Mes propres recherches ne prétendent pas à de telles perspectives globales. Je me contente d’apporter à ce sujet vaste et complexe quelques apports fondés sur mes travaux à l’échelle locale. Les questions que je formule et les réponses que j’apporte ont été élaborées au fur et à mesure que j’ai eu l’occasion de me familiariser avec les collections de livres et de manuscrits qui se trouvent dans mon pays, en Biélorussie.

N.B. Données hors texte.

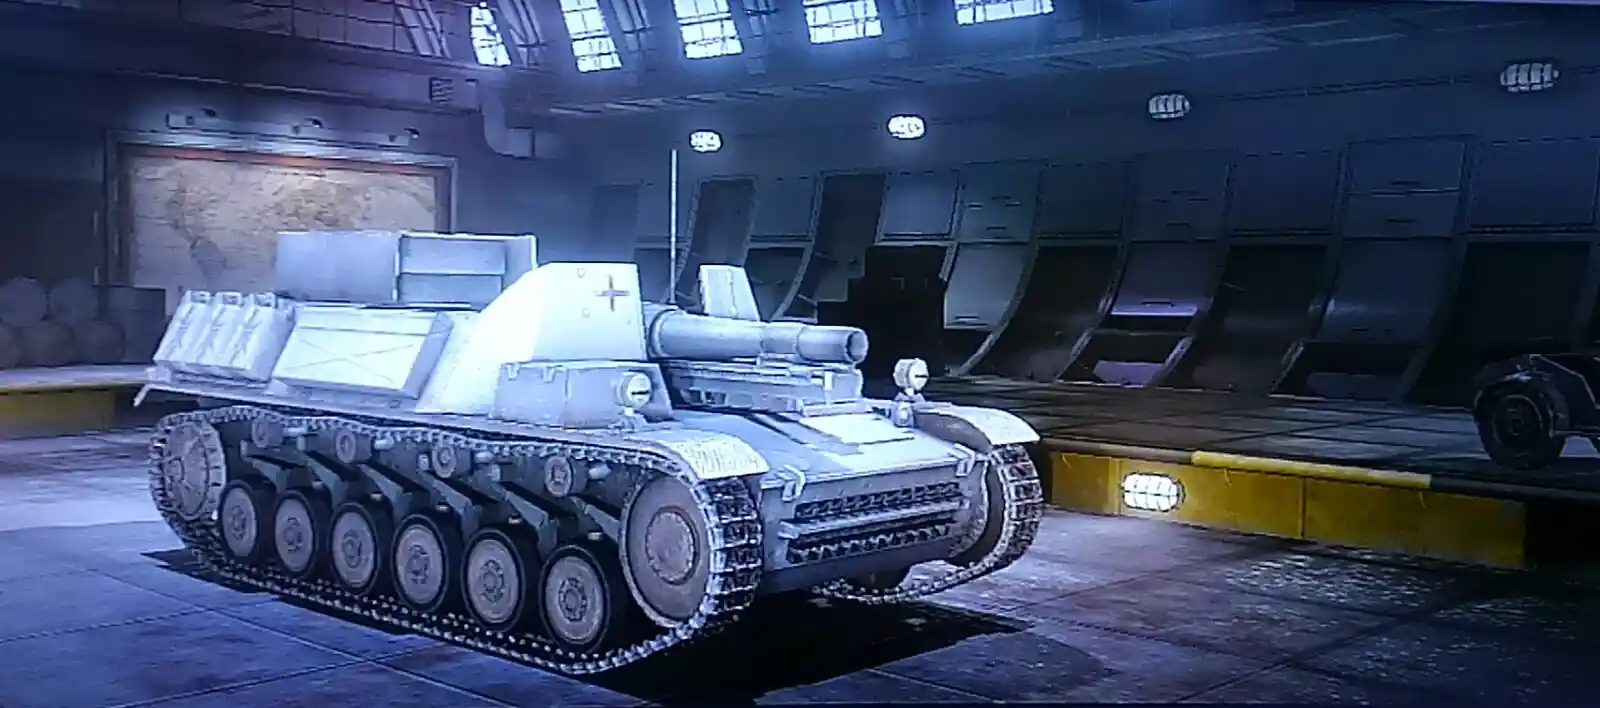 1_Sturmpanzer_II.jpg

Mon intérêt pour ces fonds français de Minsk a commencé quand j’ai étudié l’histoire des guerres napoléoniennes et découvert à la Bibliothèque nationale de Minsk les correspondances dont je vais parler dans un moment.

Mon projet de recherche actuel s’intitule Les archives françaises confisquées par les nazis durant la Seconde Guerre mondiale et conservées en Biélorussie : restauration de l’unité. Il a été développé dans le cadre de la bourse Diderot de la FMSH, avec le soutien du laboratoire ICT de l’université Paris-7.

La Bibliothèque nationale de Biélorussie (BNB) est toute jeune dans l’histoire des bibliothèques européennes, puisqu’elle a été fondée le 15 septembre 1922. La République socialiste soviétique de Biélorussie a développé rapidement cette bibliothèque, en lien avec d’autres institutions culturelles comme l’Université d’État de Biélorussie, l’Institut de la culture biélorussienne ou le théâtre national. Iossif Simanovski, qui fut le premier directeur de la bibliothèque et resta à sa tête pendant quarante ans, avait fait ses études à la Sorbonne et à l’université de Berne. Pendant l’entre-deux-guerres, un bel ensemble d’ouvrages en français a été constitué en provenance des monastères, des séminaires et des établissements d’enseignement nationalisés par l’Union soviétique. La bibliothèque a aussi reçu, à la fin des années 1920, un rare ensemble de près de huit mille publications françaises et européennes sur les guerres napoléoniennes, rassemblées au tournant du XXe siècle par le célèbre collectionneur Ivan Kolodeev qui vivait à Borisov, non loin de la Bérézina, tristement connue des Français… La bibliothèque menait également une politique active d’achats et d’échanges de livres. Minsk et la Biélorussie ont été durement touchées par l’occupation nazie et les combats de la libération de l’Union soviétique. Seuls 320 000 ouvrages ont pu être récupérés en 1945 sur les 2 millions qui y étaient conservés. C’est dans le cadre de la reconstitution de ces fonds que se situe l’histoire qui nous intéresse, avec l’arrivée à Minsk d’une partie des collections occidentales retrouvées par l’Armée rouge. J’espère apporter prochainement de nouvelles informations sur la participation des bibliothécaires de Minsk aux « brigades des trophées » à partir du fonds d’archives personnel de V. Simanovski.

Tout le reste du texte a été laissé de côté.